Author: LegalEase Solutions

QUESTION PRESENTED

  1. What are the claims the son may have against the bank? 

SHORT ANSWER

There is no separate claim for breach of fiduciary duty in Maryland. The son, however, may be able to bring a claim for negligence and breach of contract. 

RESEARCH FINDINGS

Breach of fiduciary duty

“[A]lthough the breach of a fiduciary duty may give rise to one or more causes of action, in tort or in contract, Maryland does not recognize a separate tort action for breach of fiduciary duty.” Vinogradova v. Suntrust Bank, Inc., 162 Md. App. 495, 510, 875 A.2d 222, 231 (2005). “[U]nder Maryland law, the two separately pleaded claims [breach of fiduciary duty and negligence] in . . . [the] complaint condense to only one: the claim based on the tort of negligence.” However a party “may . . . plead an action for breach of contract, in addition to its claim for negligence . . . .” Id. See Vinogradova., 162 Md. App. at 510n.10  (Taylor v. Equitable Trust, 269 Md. 149, 155-56, 304 A.2d 838 (1973))(“Unless modified by the parties the contract is that implied in a banking relationship. For a breach of this contract, an action in tort will lie.”).

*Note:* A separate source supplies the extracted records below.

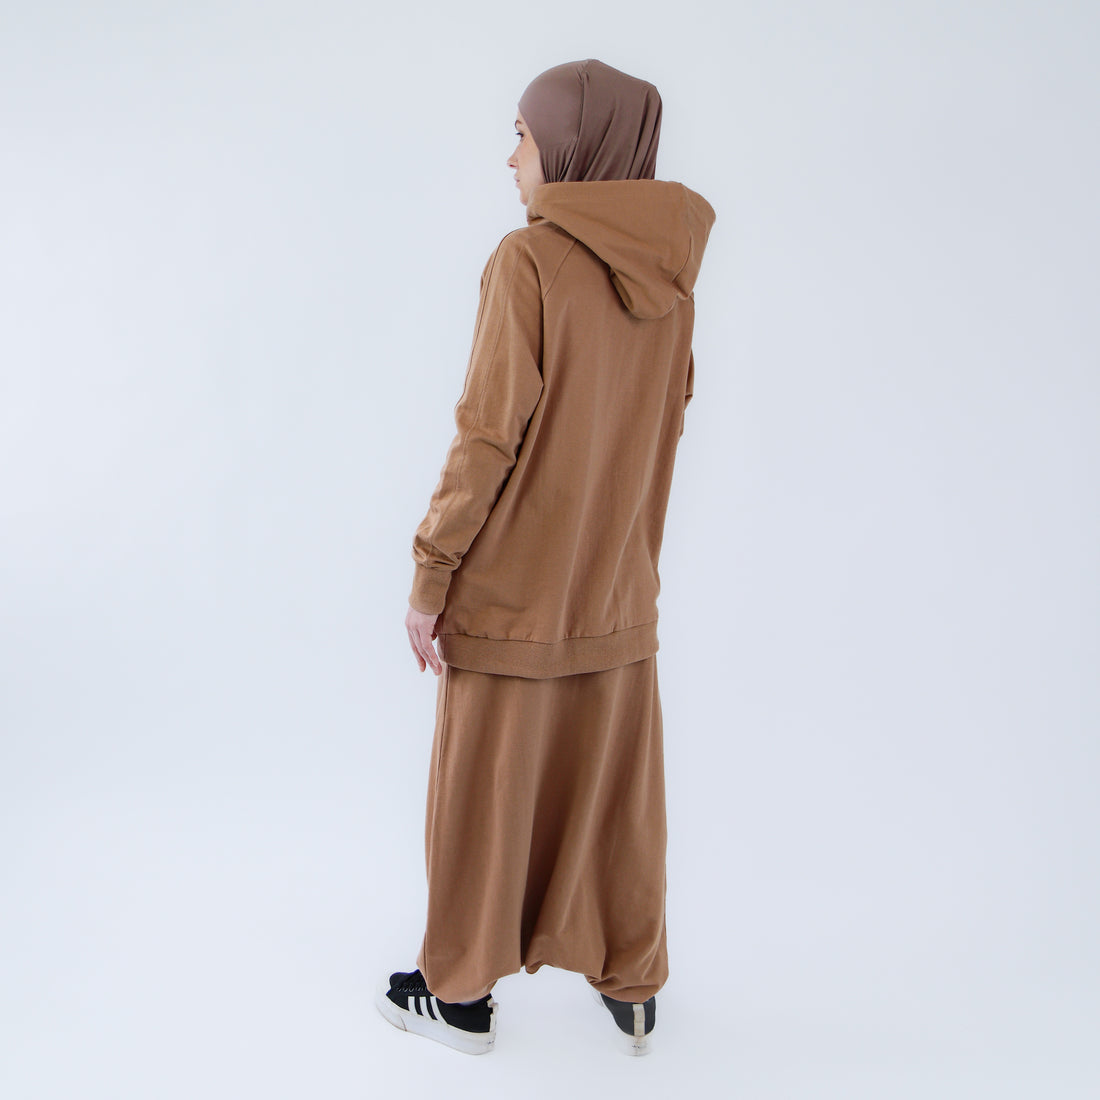 Sport Hijab Style: "Milk Coffee", Tracksuit - Hoodie with Harem Pants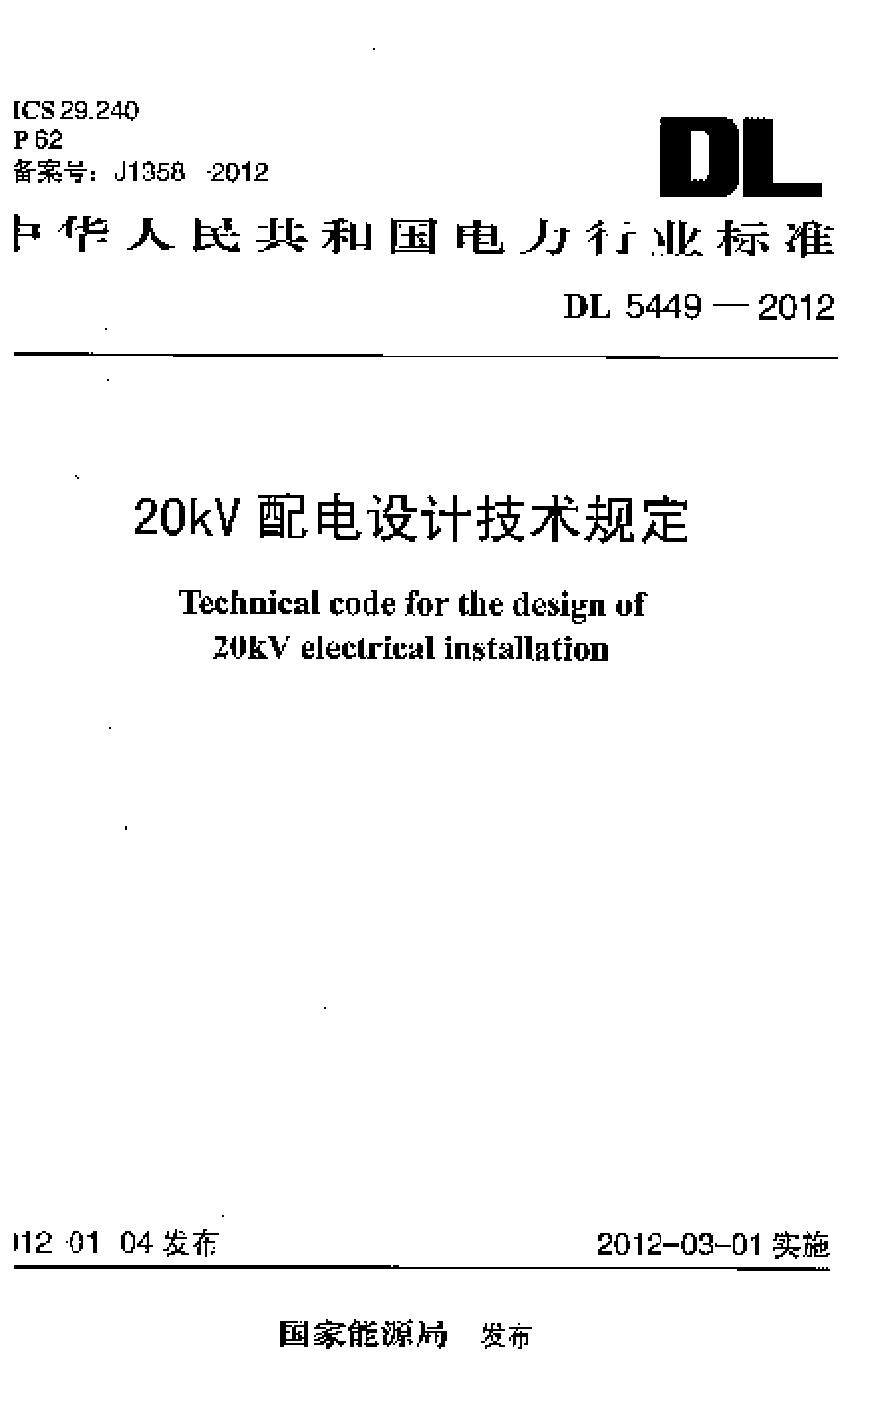 DL5449-2012 20kV配电设计技术规定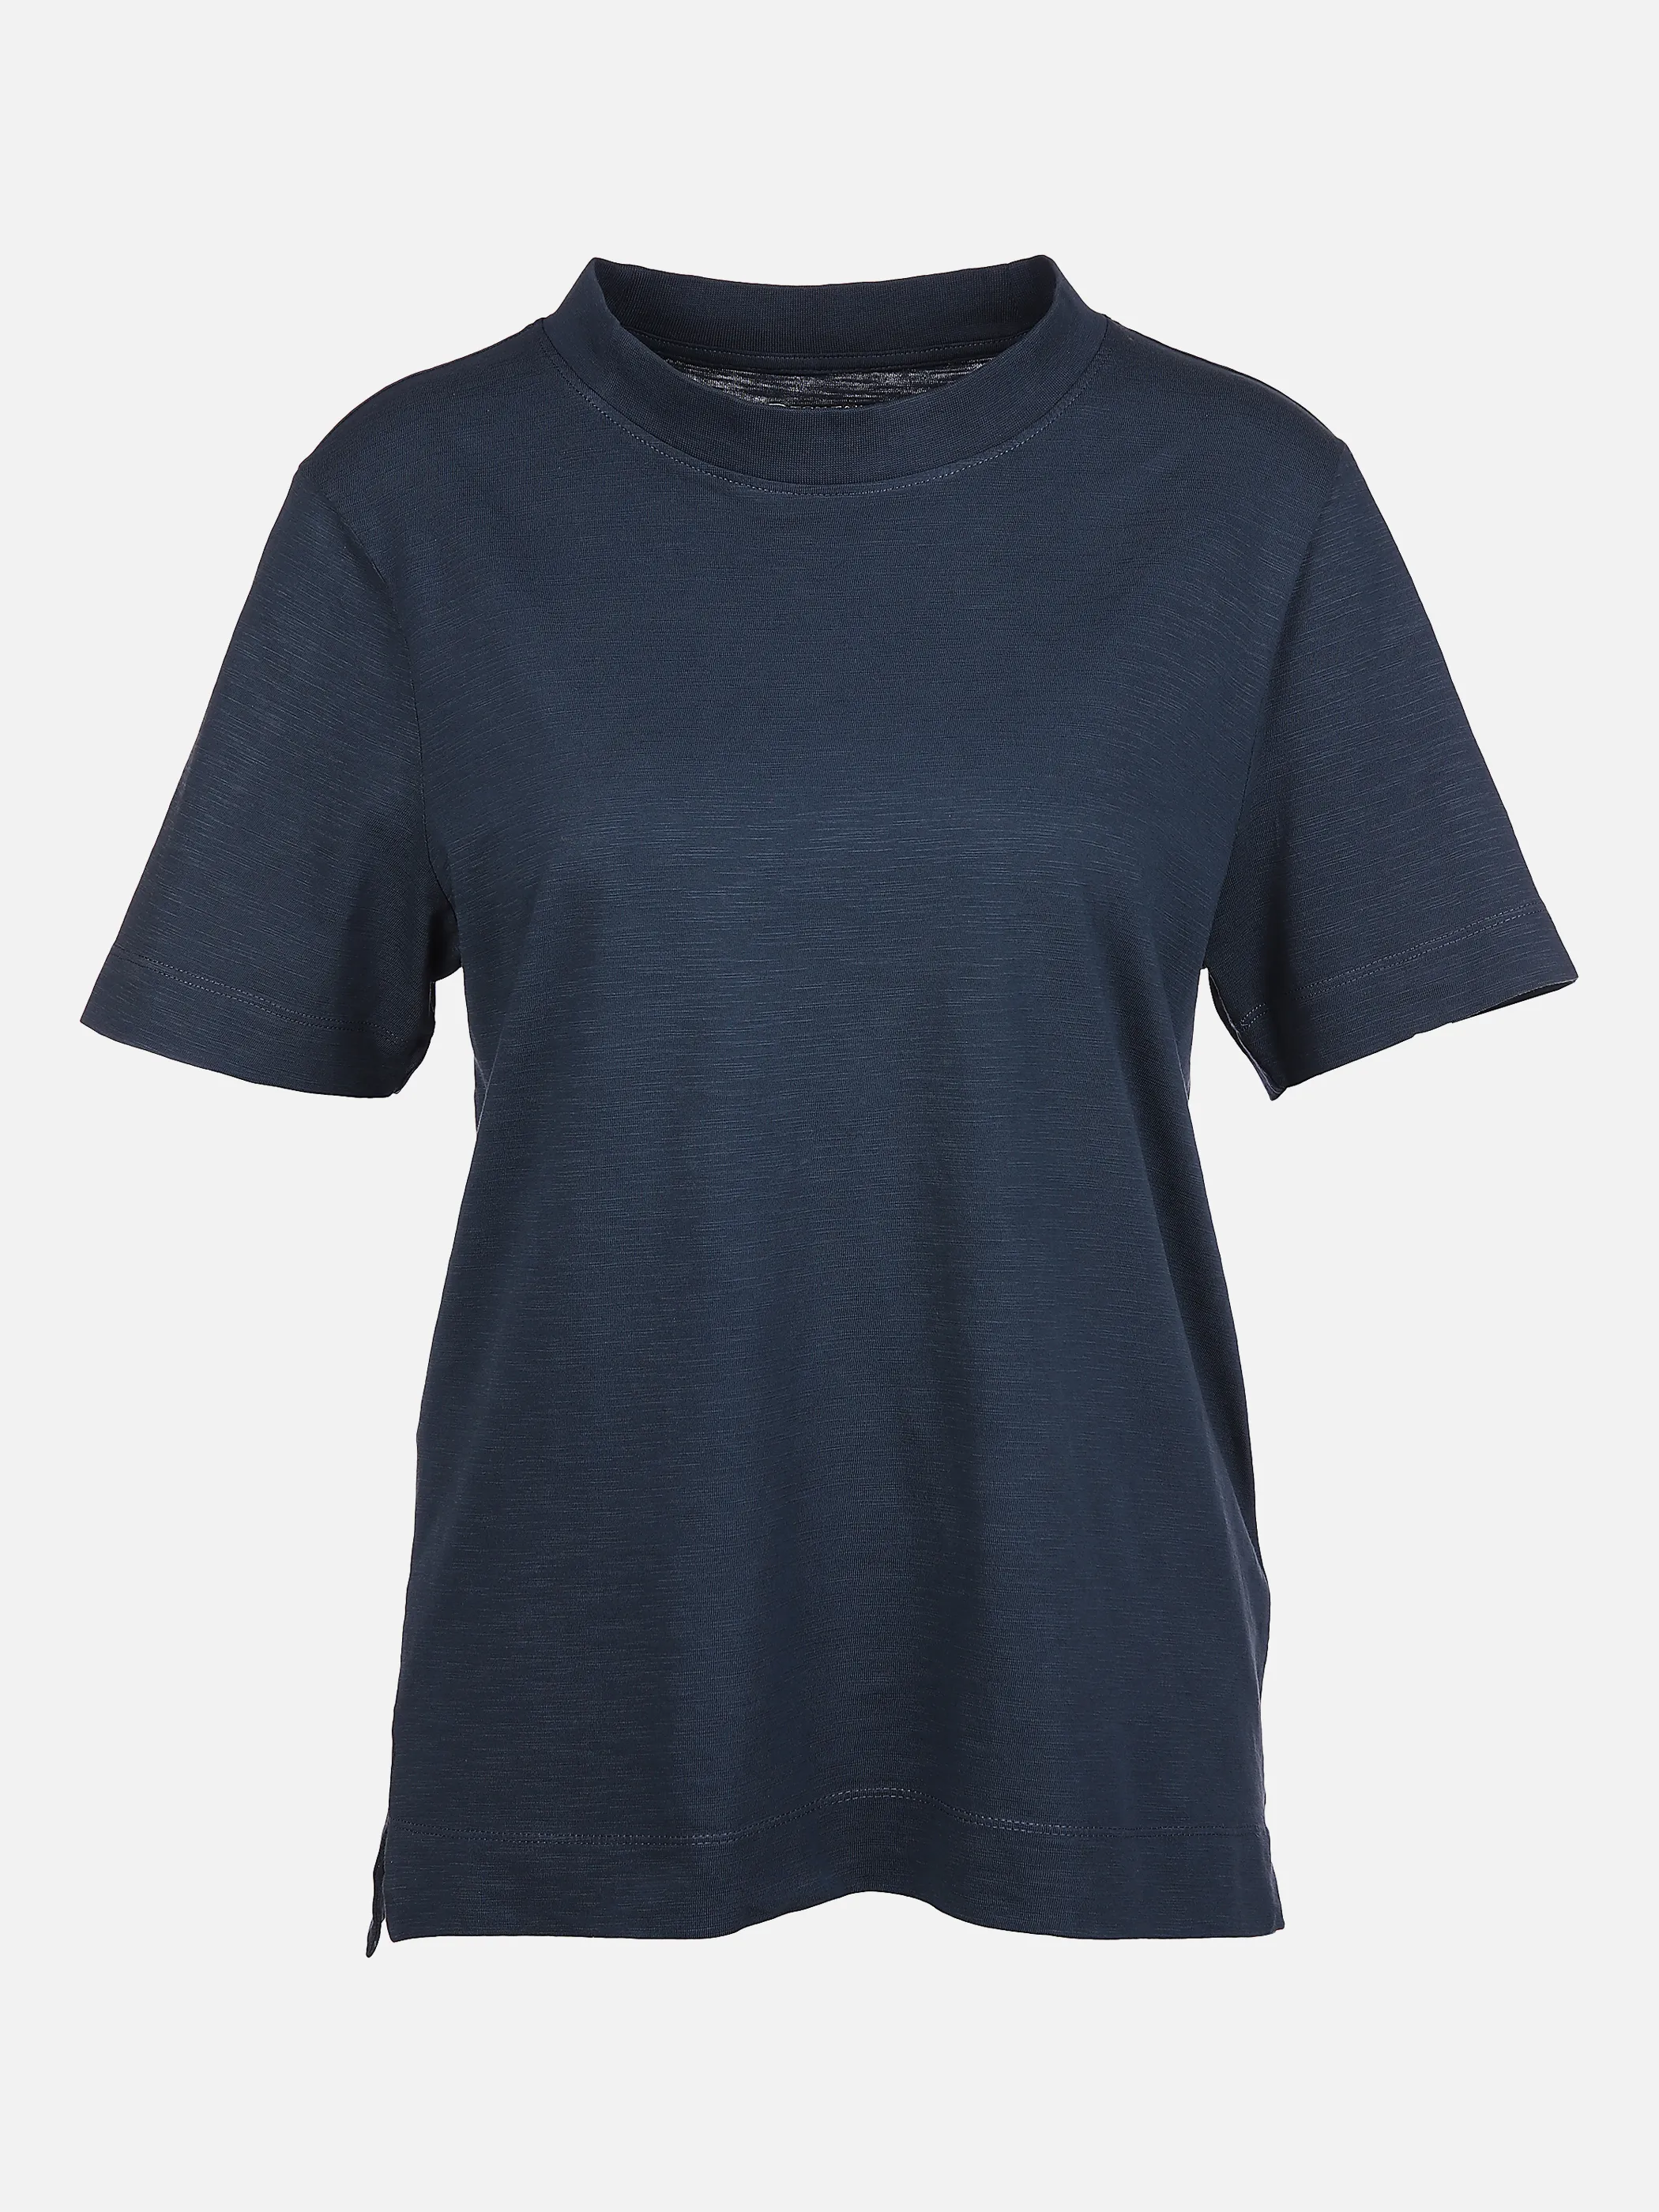 Tom Tailor 1031213 t-shirt natural dye Blau 865218 11758 1

“[T]there is no universal or omnibus tort for the redress of breach of fiduciary duty by any and all fiduciaries.” Kann v. Kann, 344 Md. 689, 713, 690 A.2d 509, 521 (1997). “This does not mean that there is no claim or cause of action available for breach of fiduciary duty.” Id. This only “means that identifying a breach of fiduciary duty will be the beginning of the analysis, and not its conclusion. Counsel [is] required to identify the particular fiduciary relationship involved, identify how it was breached, consider the remedies available, and select those remedies appropriate to the client’s problem.” Id.

Thus, it has been held that, “[g]iven the standard of conduct imposed upon fiduciaries . . . fiduciaries who breach their duty should be held accountable under an independent cause of action aimed at such conduct.” Id. at 709. Further, “punitive damages are not at all available in equity.” Id. at 712.

Breach of Contract – Third Party Beneficiary

“Since the establishment of the doctrine of third party beneficiaries in the landmark decision of the Court of Appeals of New York in Lawrence v. Fox, 20 N.Y. 268 (1859), substantially all state courts of last resort, including [Court of Appeals of Maryland], have adopted and applied the doctrine” of third party beneficiary contracts. Shillman v. Hobstetter, 249 Md. 678, 687, 241 A.2d 570, 575 (1968).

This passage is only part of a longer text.